Inclusion Criteria: * Competent to comprehend, sign, and date an independent ethics committee/institutional review board/research ethics board (IEC/IRB/REB) approved informed consent form. * Male or female subjects aged 18 to 75 years (including 18 and 75 years). * ECOG 0-1. * Histopathological diagnosed triple-negative breast cancer. * Patient has previously received taxane-based chemotherapy with or without immunotherapy and an antibody-drug conjugate with a topoisomerase inhibitor payload. * Suitable for one of active comparator chemotherapy assessed by investigator. * An archival tumor tissue sample or a fresh tissue sample should be provided. * Life expectancy of ≥ 12 weeks. * Subjects must have measurable disease according to RECIST (version 1.1). * Adequate organ functions. * Sexually active fertile participants, and their partners, must agree to use methods of contraception during the study and at least 6 months after termination of study therapy.

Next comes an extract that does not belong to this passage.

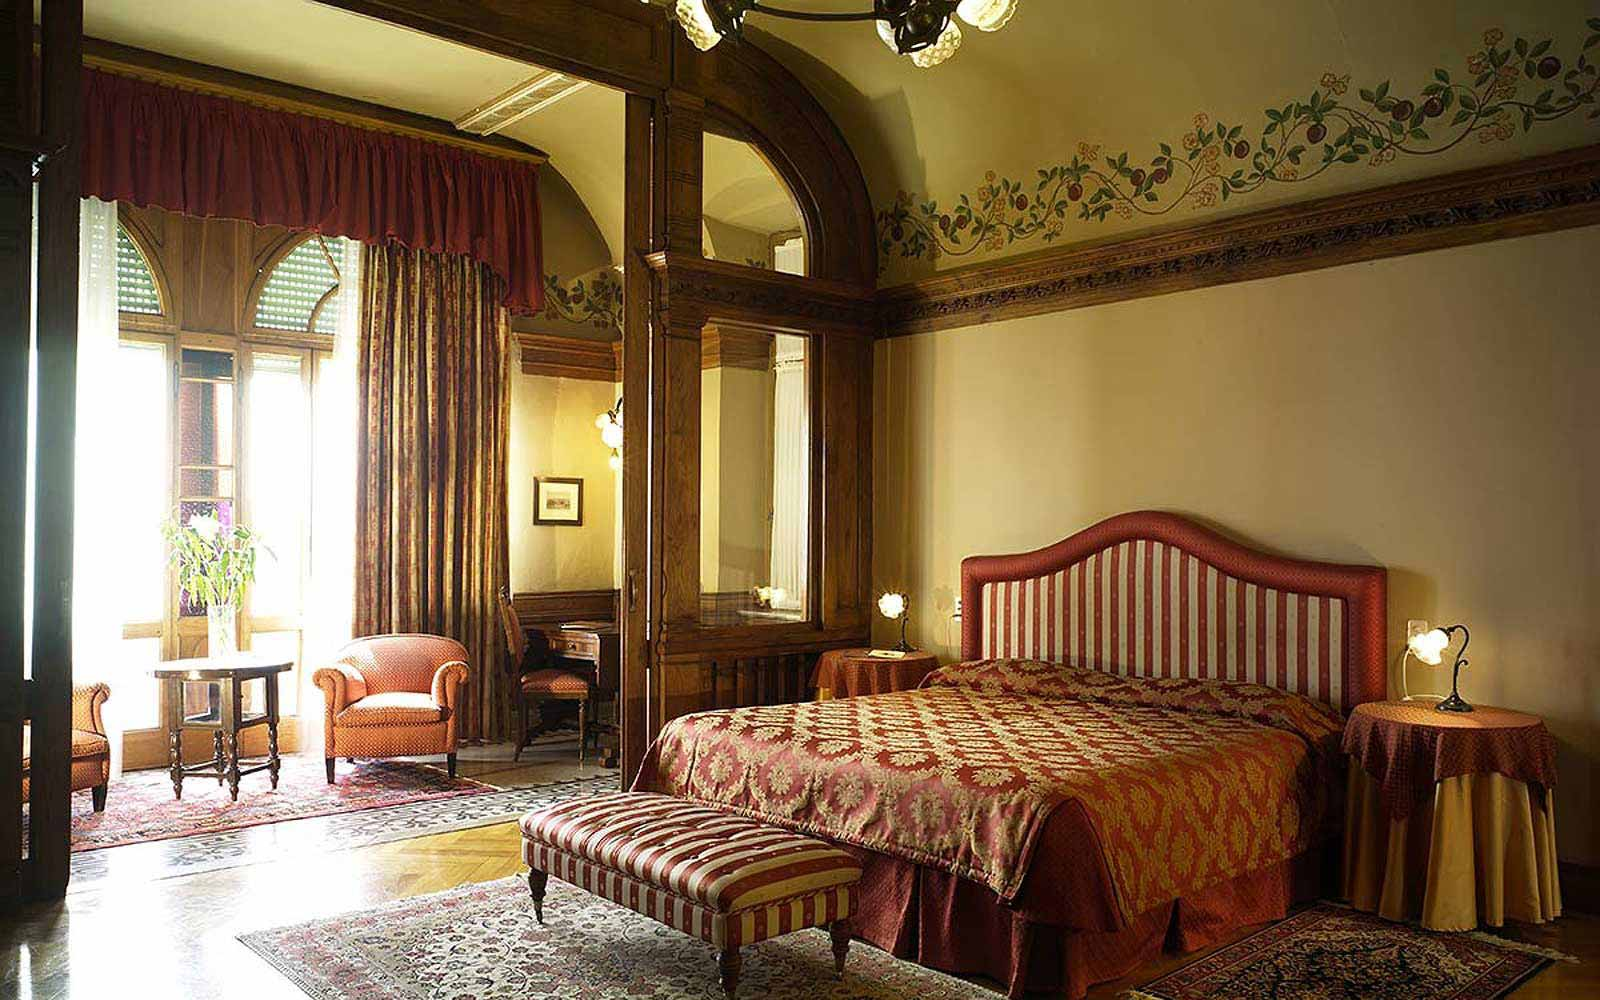 Heydweiller suite at Hotel Villa Del Sogno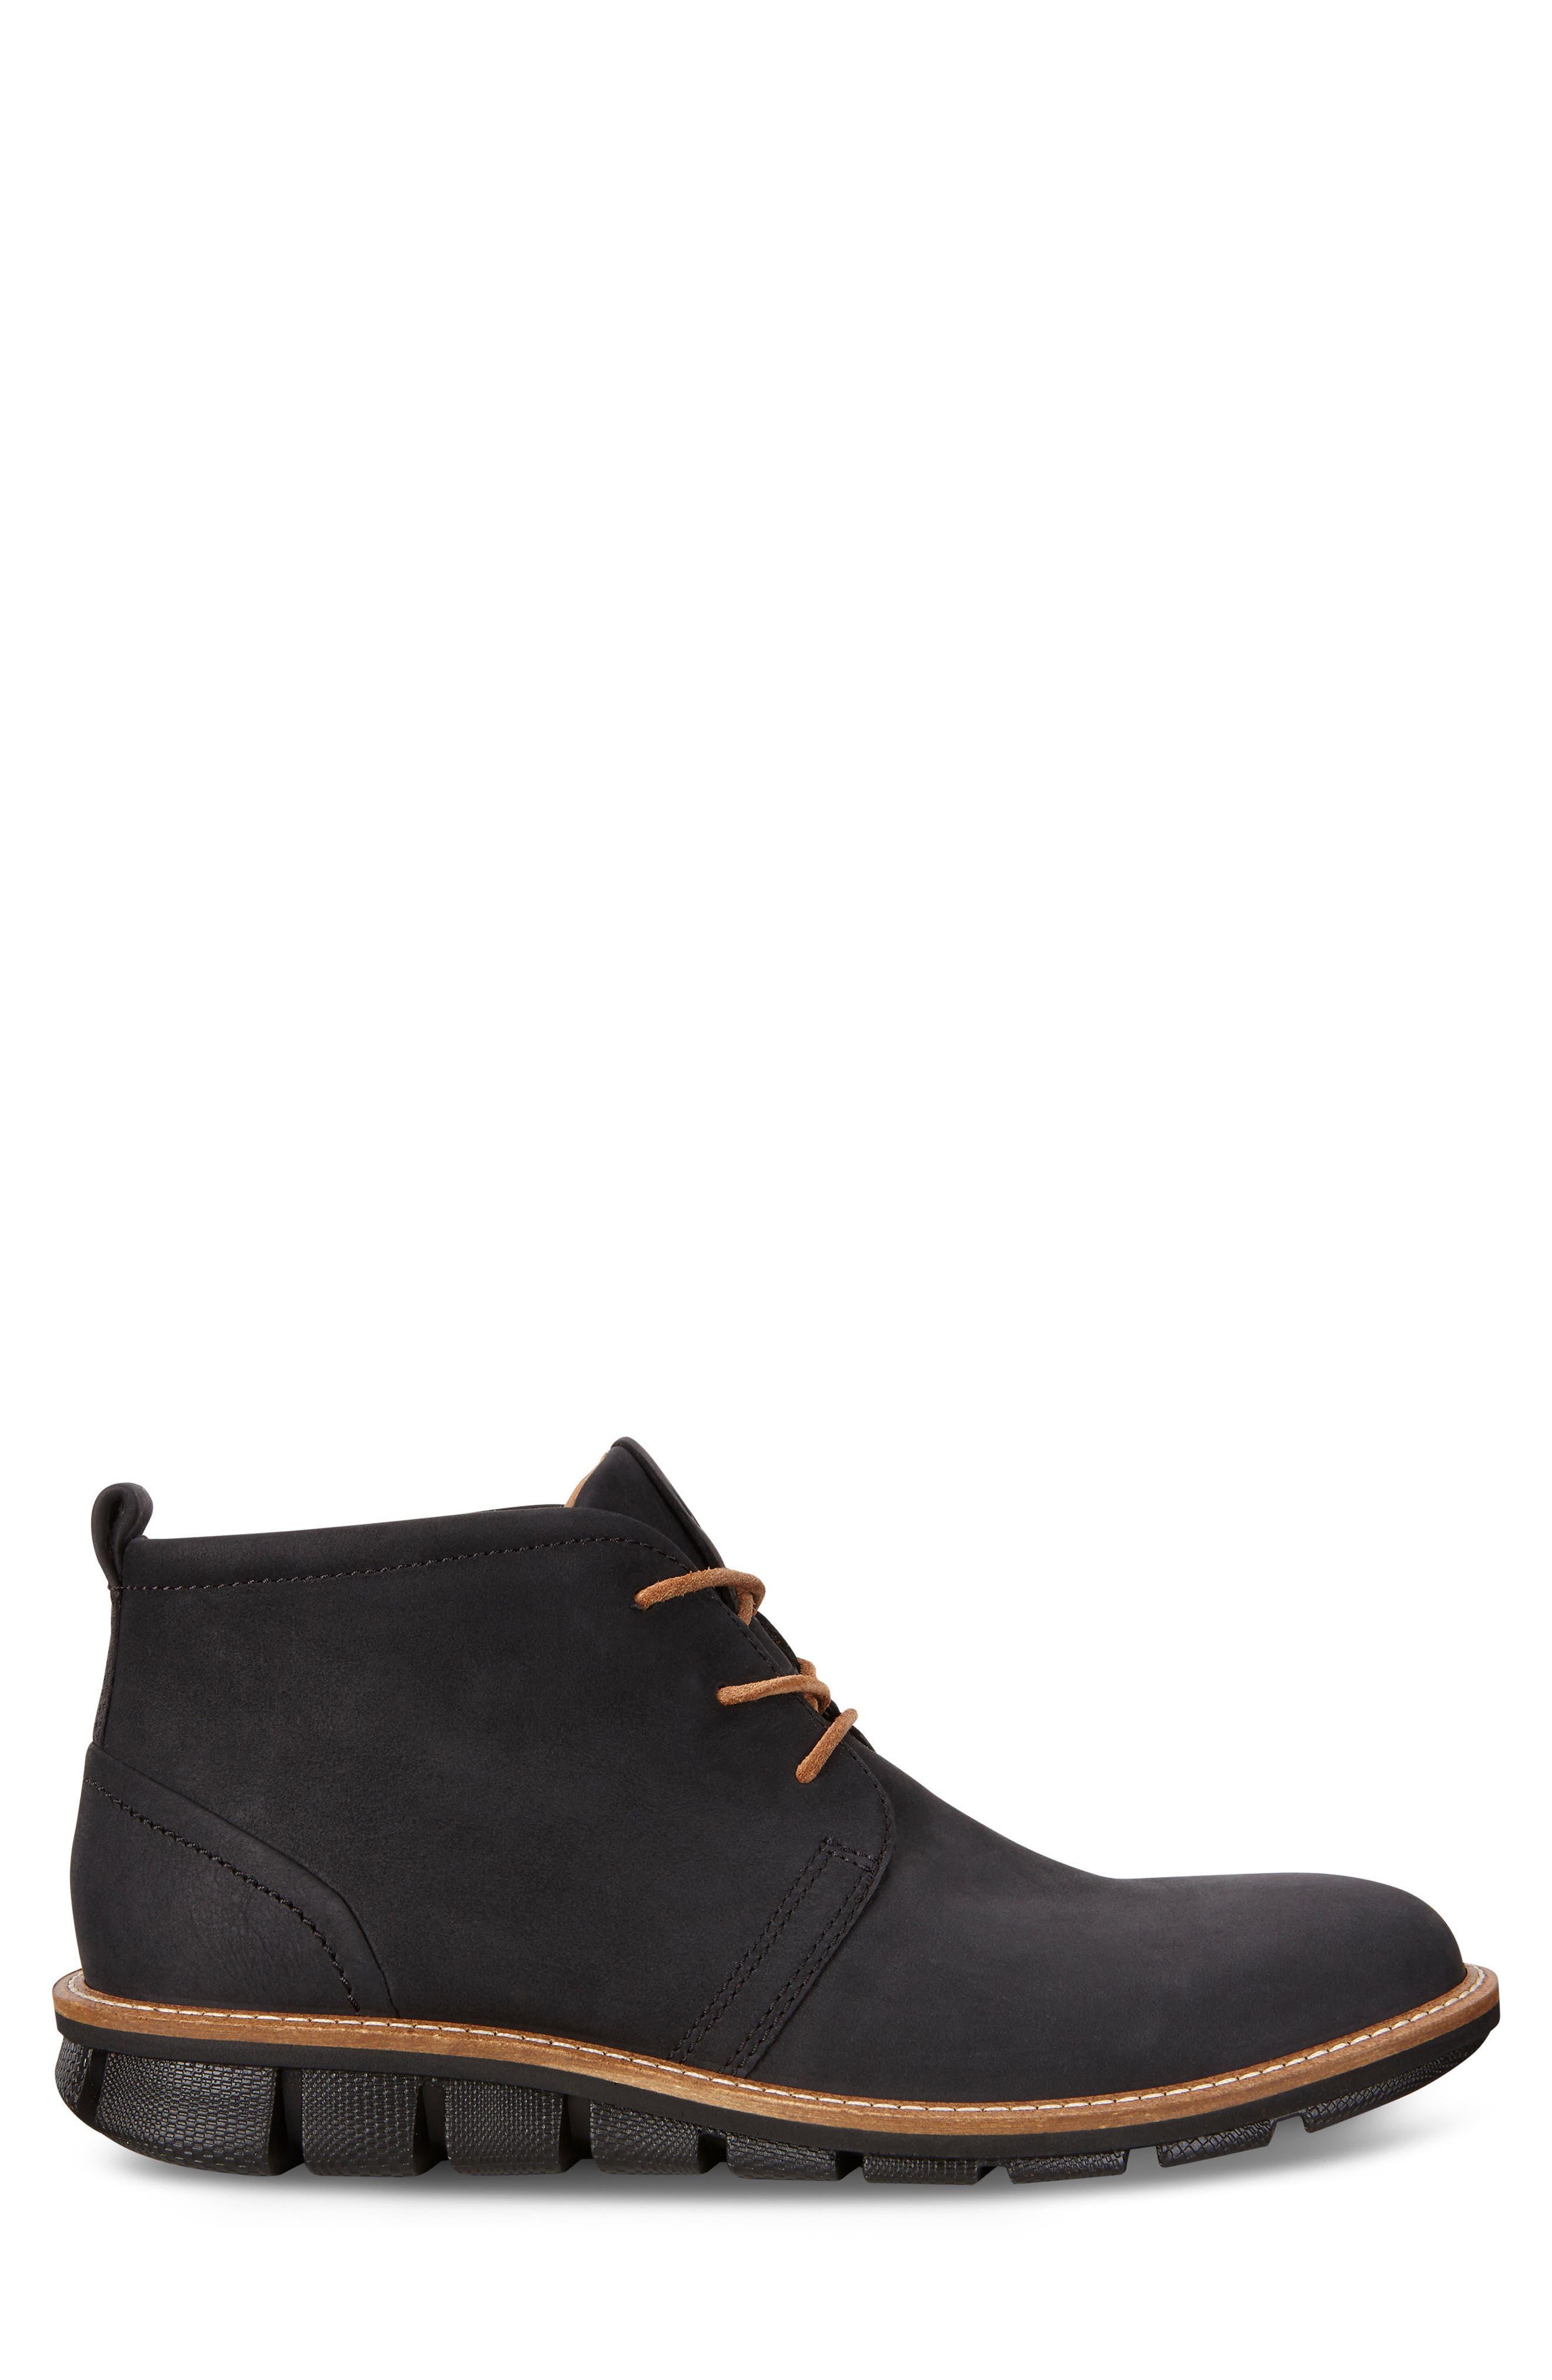 'Jeremy Hybrid' Plain Toe Boot,                             Alternate thumbnail 2, color,                             BLACK LEATHER

Exclusion Criteria: * Preexisting treatment related toxicity Grade ≥ 2 and Grade ≥ 3 immune related adverse reactions. * Preexisting peripheral neuropathy Grade ≥ 2. * Hemoglobin A1C (HbA1c) ≥ 8%. * Has ocular conditions or symptoms that may increase the risk of the study. * History of ILD or pneumotitis, other severe or uncontrolled disease or central nervous system metastases and/or meningeal metastasis. * Previous medication does not meet the requirements. * Known sensitivity to any of the ingredients of the investigational product; History of drug abuse or mental illness. * Documented history of pulmonary embolism or clinically significant cardiac or cerebrovascular diseases . * Active autoimmune disease. * History of another malignancy . * Pleural, abdominal, or pericardial effusion with clinical symptoms or that require drainage treatment. * Not suitable to receive study treatment for other conditions as per investigator.